Hi, I'm Lucas!
Physicist, scriptwriter with kurzgesagt - in a nutshell, and science communicator. And someone who spent years being terrible at explaining his own work.
I became a scientist because I am always curious about new things.
What happens when you shoot neutrons at a polymer? Why do some materials behave completely differently at the nanoscale? How do you replace petrol-based polymers with sustainable/renewable materials? I did my PhD in functional polymer research at Technical University of Munich (TUM) and a postdoc at the German Aerospace Center in Cologne and Institute Laue Langevin in Grenoble, before eventually I found my scientific home as an instrument scientist at FRM II — the neutron research reactor at TUM, one of the most powerful research neutron sources in the world.

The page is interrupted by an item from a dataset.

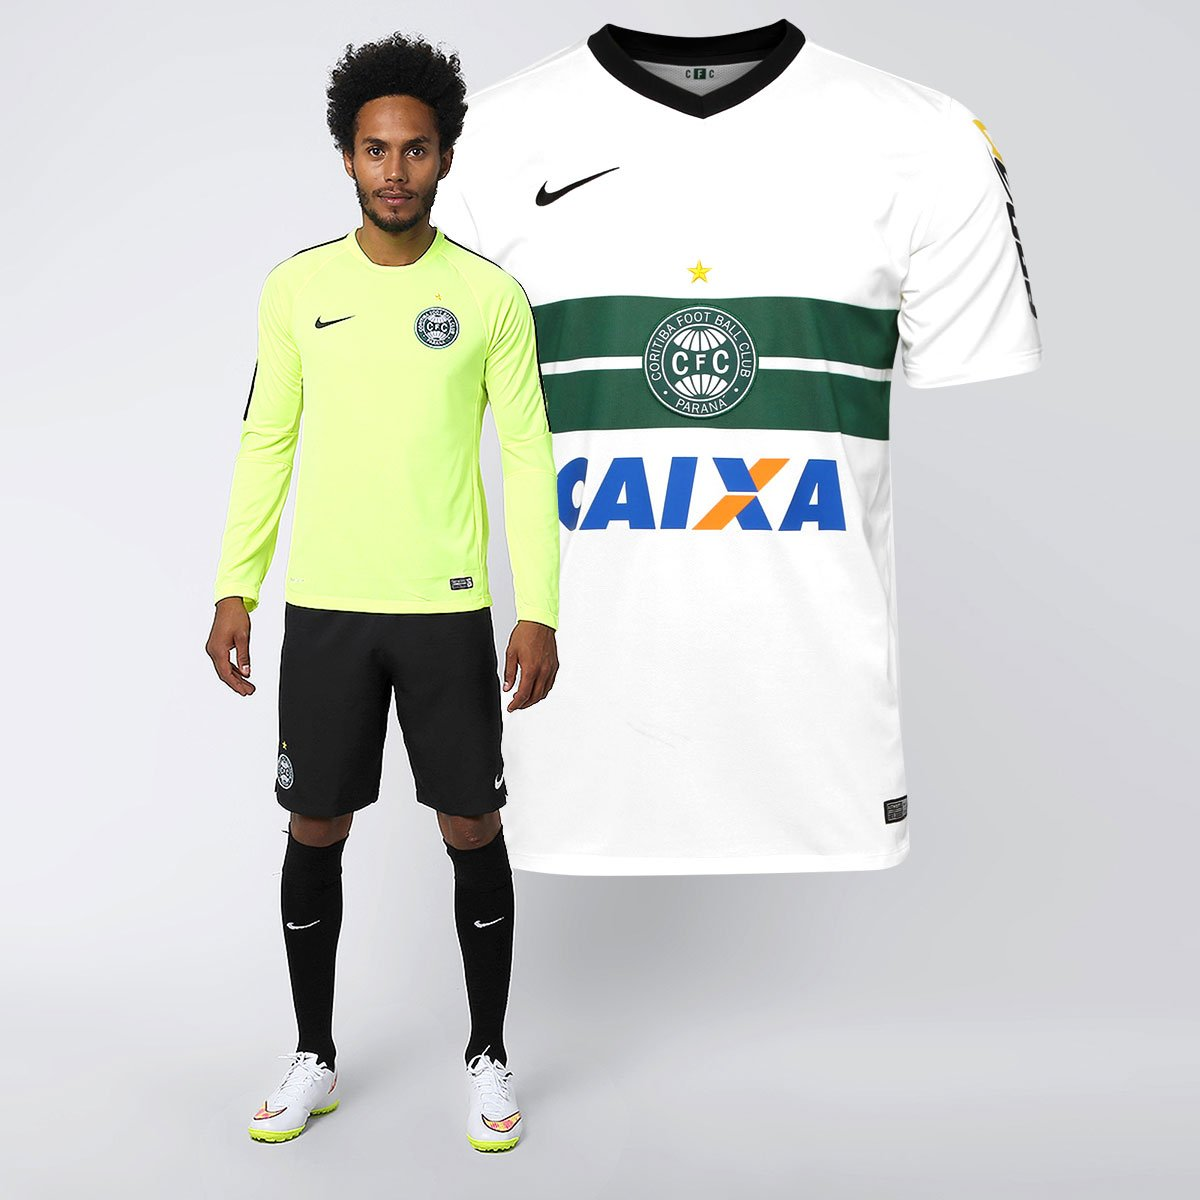 Kit Nike Coritiba - Camisa I 14 15 s nº + Camisa Treino M L - Compre Agora   32bdbc0cc195b

Along the way, I learned something that bothers me still today: being a brilliant scientist and being able to communicate your science are two completely different skills. And our academic system does not necessarily teach you both.

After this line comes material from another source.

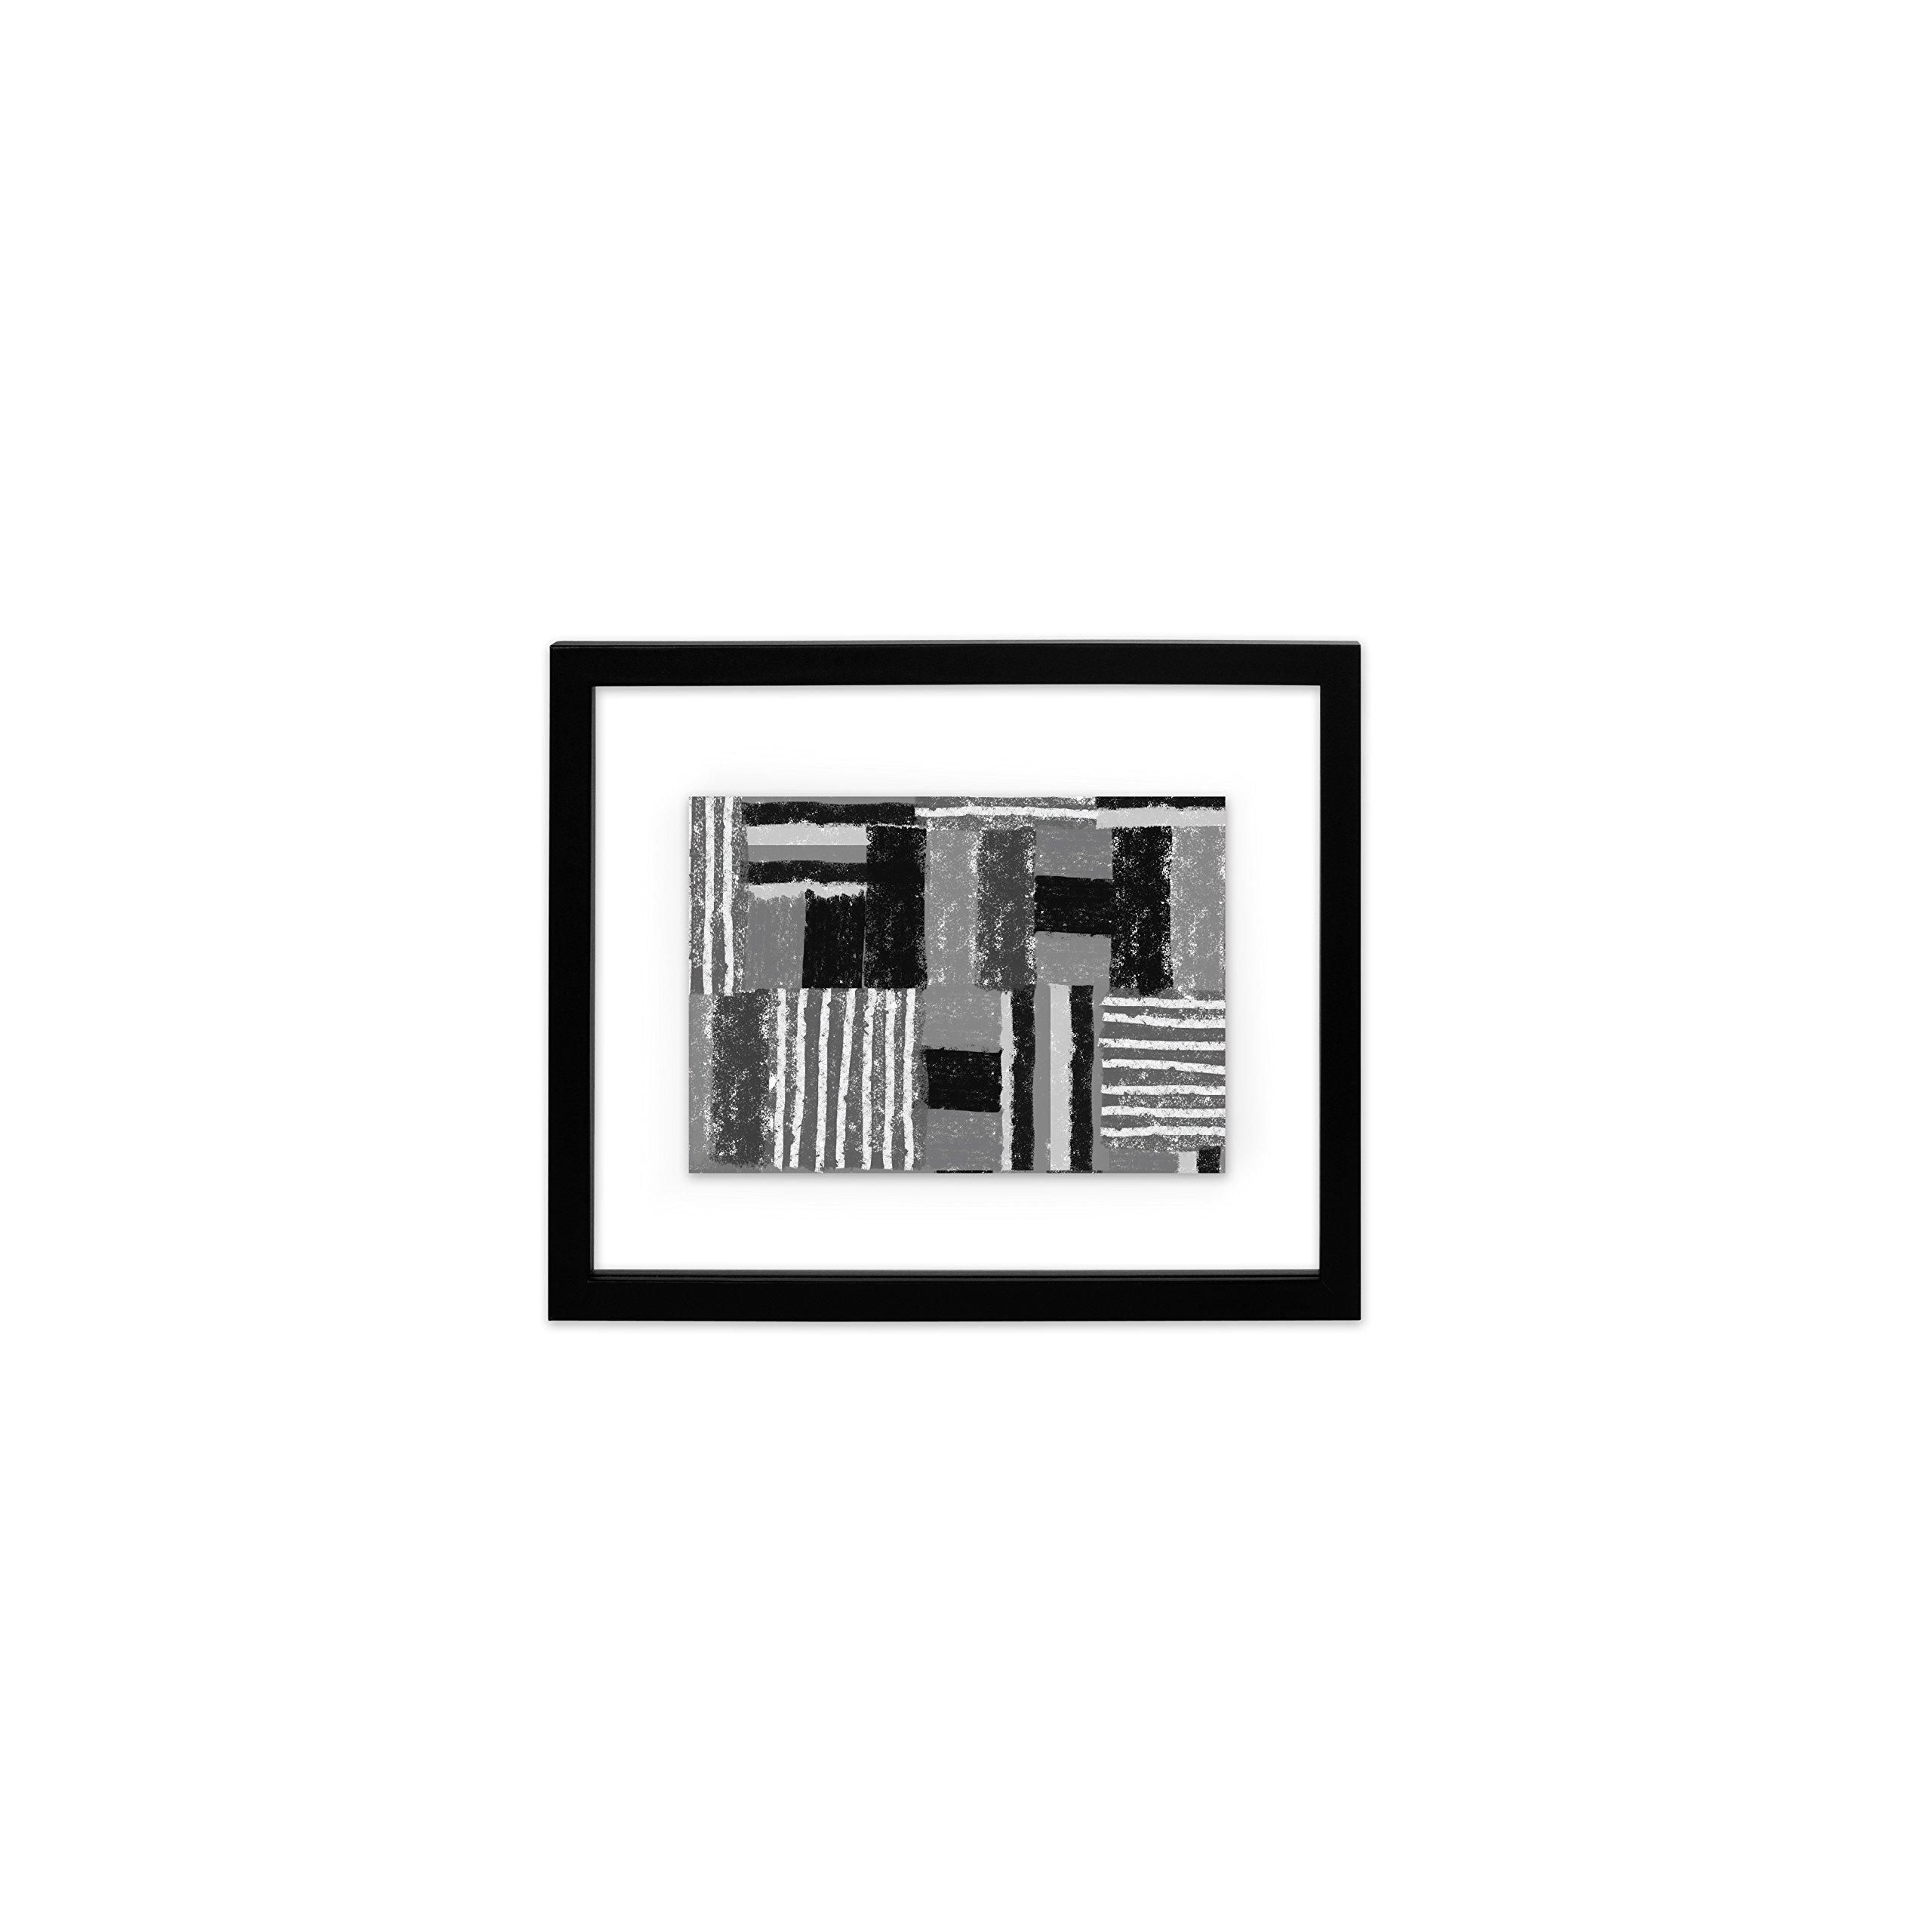 EDGEWOOD Driftwood- Float Frame- 5x7 Black

For years, I was terrible at explaining what I was working on to people outside my scientific niche: to my family during christmas dinners, to my friends at birthday parties, or during small talk in a lift or a pub. My research was important — I genuinely believed that — but I had little idea how to make anyone else see it.
So I started figuring it out. I started writing. I experimented with formats, platforms, and stories. I launched a science podcast.
The podcast “Your Friendly Physicist and other Nerds” started as an experiment.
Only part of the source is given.